Ever since commit 2c94b8eca1a2 ("SUNRPC: Use au_rslack when computing
reply buffer size"). It changed how "req->rq_rcvsize" is calculated. It
used to use au_cslack value which was nice and large and changed it to
au_rslack value which turns out to be too small.

Since 5.1, v3 mount with sec=krb5p fails against an Ontap server
because client's receive buffer it too small.

For gss krb5p, we need to account for the mic token in the verifier,
and the wrap token in the wrap token.

RFC 4121 defines:
mic token
Octet no   Name        Description
         --------------------------------------------------------------
         0..1     TOK_ID     Identification field.  Tokens emitted by
                             GSS_GetMIC() contain the hex value 04 04
                             expressed in big-endian order in this
                             field.
         2        Flags      Attributes field, as described in section
                             4.2.2.
         3..7     Filler     Contains five octets of hex value FF.
         8..15    SND_SEQ    Sequence number field in clear text,
                             expressed in big-endian order.
         16..last SGN_CKSUM  Checksum of the "to-be-signed" data and
                             octet 0..15, as described in section 4.2.4.

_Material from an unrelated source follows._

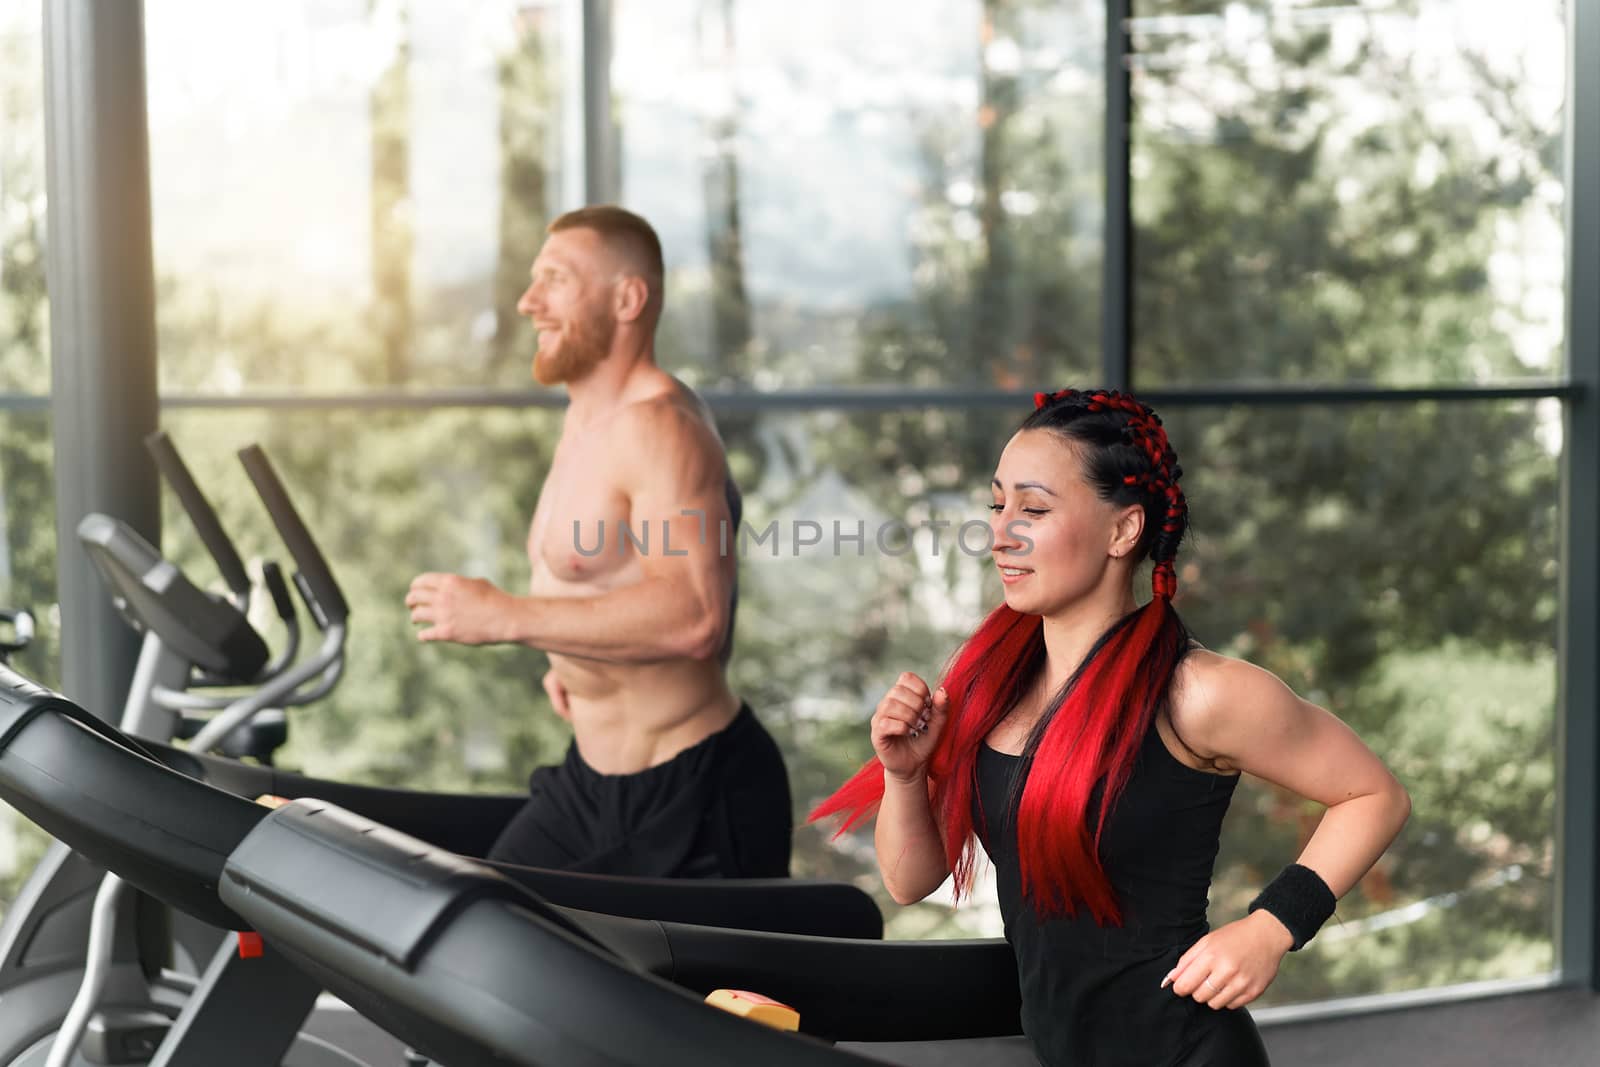 Gym treadmill running trainer man woman training together jogging fitness workout. by andreonegin

that's 16bytes (GSS_KRB5_TOK_HDR_LEN) + chksum

wrap token
Octet no   Name        Description
         --------------------------------------------------------------
          0..1     TOK_ID    Identification field.  Tokens emitted by
                             GSS_Wrap() contain the hex value 05 04
                             expressed in big-endian order in this
                             field.
          2        Flags     Attributes field, as described in section
                             4.2.2.
          3        Filler    Contains the hex value FF.
          4..5     EC        Contains the "extra count" field, in big-
                             endian order as described in section 4.2.3.
          6..7     RRC       Contains the "right rotation count" in big-
                             endian order, as described in section
                             4.2.5.
          8..15    SND_SEQ   Sequence number field in clear text,
                             expressed in big-endian order.
          16..last Data      Encrypted data for Wrap tokens with
                             confidentiality, or plaintext data followed
                             by the checksum for Wrap tokens without
                             confidentiality, as described in section
                             4.2.4.

Also 16bytes of header (GSS_KRB5_TOK_HDR_LEN), encrypted data, and cksum
(other things like padding)

RFC 3961 defines known cksum sizes:
Checksum type              sumtype        checksum         section or
                                value            size         reference
   ---------------------------------------------------------------------
   CRC32                            1               4           6.1.3
   rsa-md4                          2              16           6.1.2
   rsa-md4-des                      3              24           6.2.5
   des-mac                          4              16           6.2.7
   des-mac-k                        5               8           6.2.8
   rsa-md4-des-k                    6              16           6.2.6
   rsa-md5                          7              16           6.1.1
   rsa-md5-des                      8              24           6.2.4
   rsa-md5-des3                     9              24             ??
   sha1 (unkeyed)                  10              20             ??
   hmac-sha1-des3-kd               12              20            6.3
   hmac-sha1-des3                  13              20             ??
   sha1 (unkeyed)                  14              20             ??
   hmac-sha1-96-aes128             15              20         [KRB5-AES]
   hmac-sha1-96-aes256             16              20         [KRB5-AES]
   [reserved]                  0x8003               ?         [GSS-KRB5]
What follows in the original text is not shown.